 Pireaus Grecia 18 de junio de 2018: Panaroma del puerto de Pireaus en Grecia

--

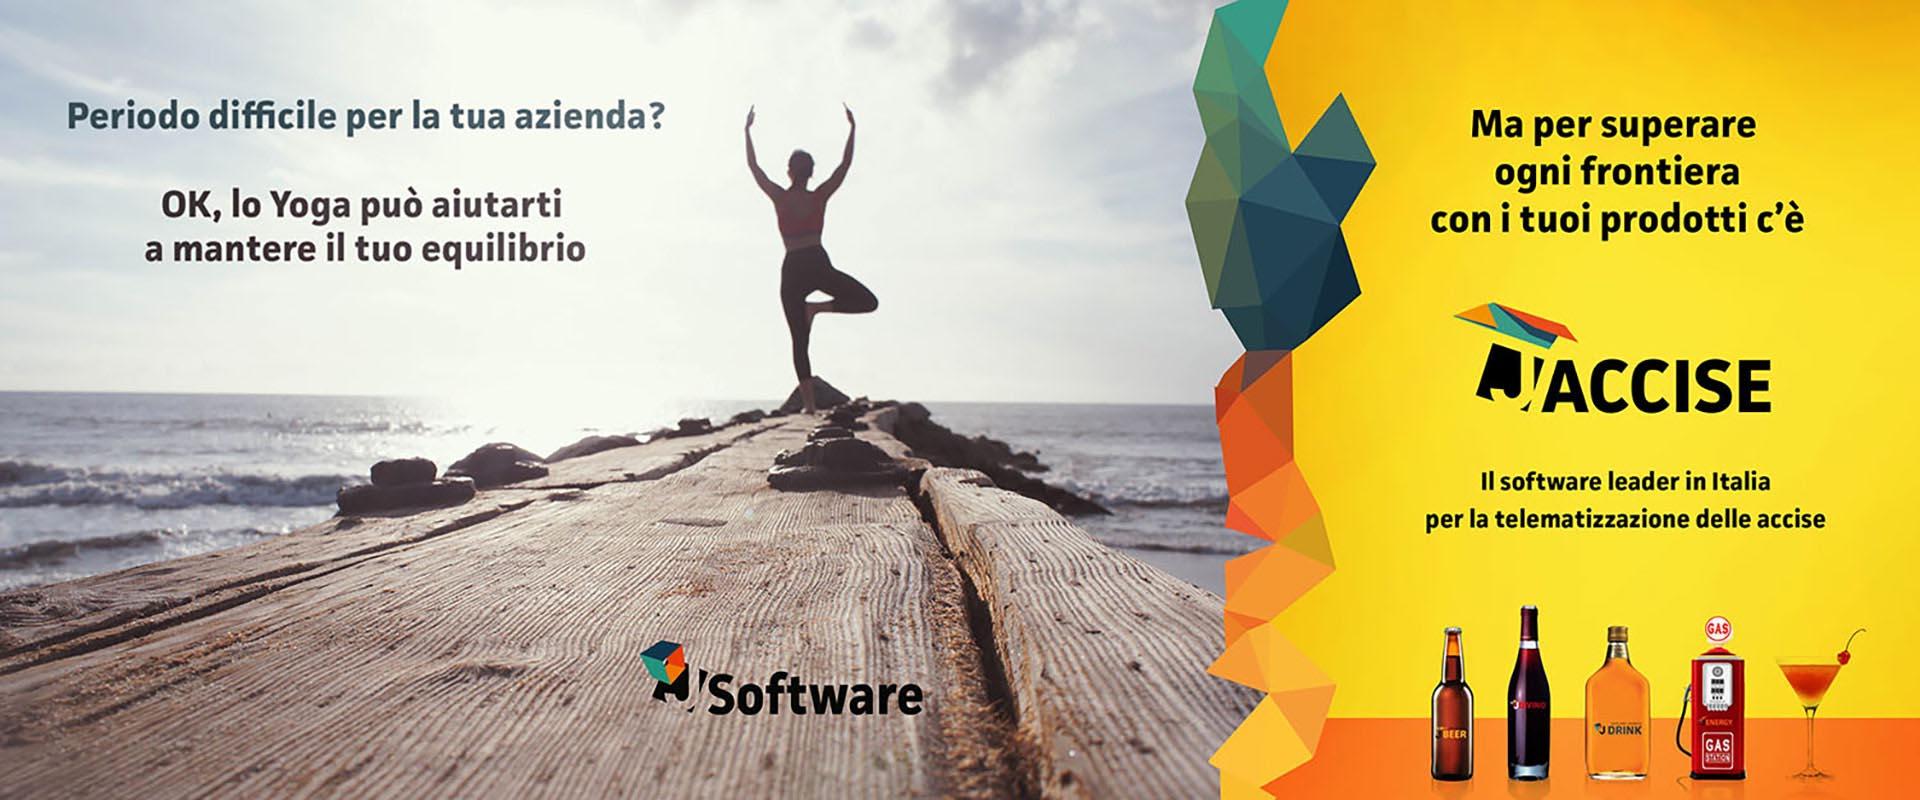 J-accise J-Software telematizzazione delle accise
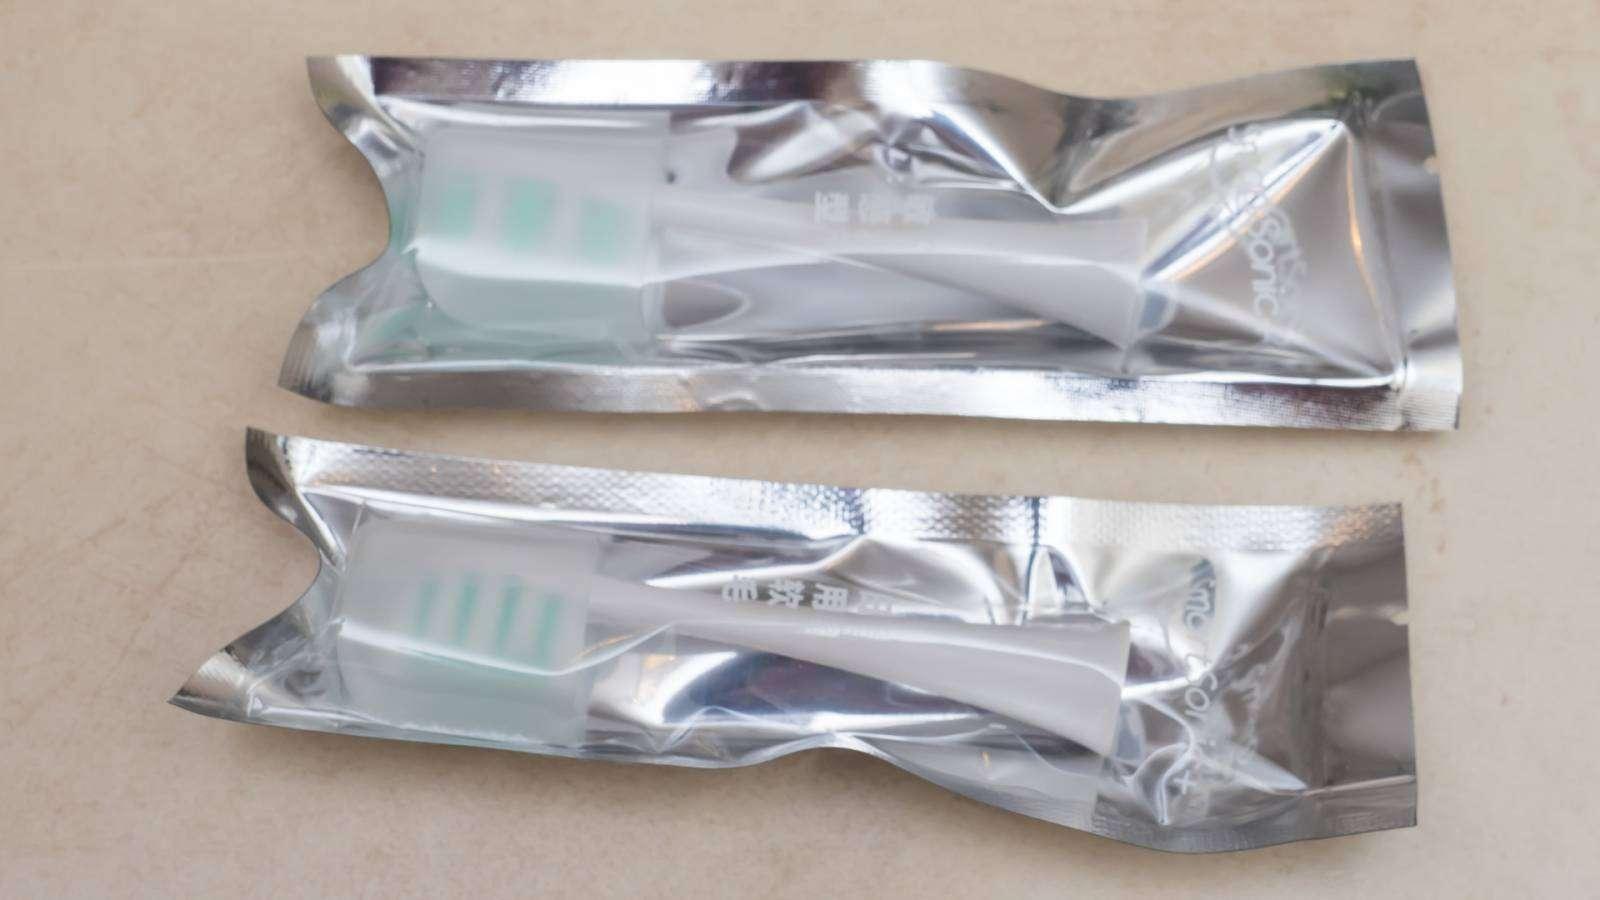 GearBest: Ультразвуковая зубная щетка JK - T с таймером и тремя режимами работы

Goal of the exercise
Everything between and including the line above containing "J-accise J-Software telematizzazione" and the line containing "GearBest: Ультразвуковая зубная" should be reproduced exactly, with pictures excluded.

Output for this exercise
 J-accise J-Software telematizzazione delle accise
 GearBest: Ультразвуковая зубная щетка JK - T с таймером и тремя режимами работы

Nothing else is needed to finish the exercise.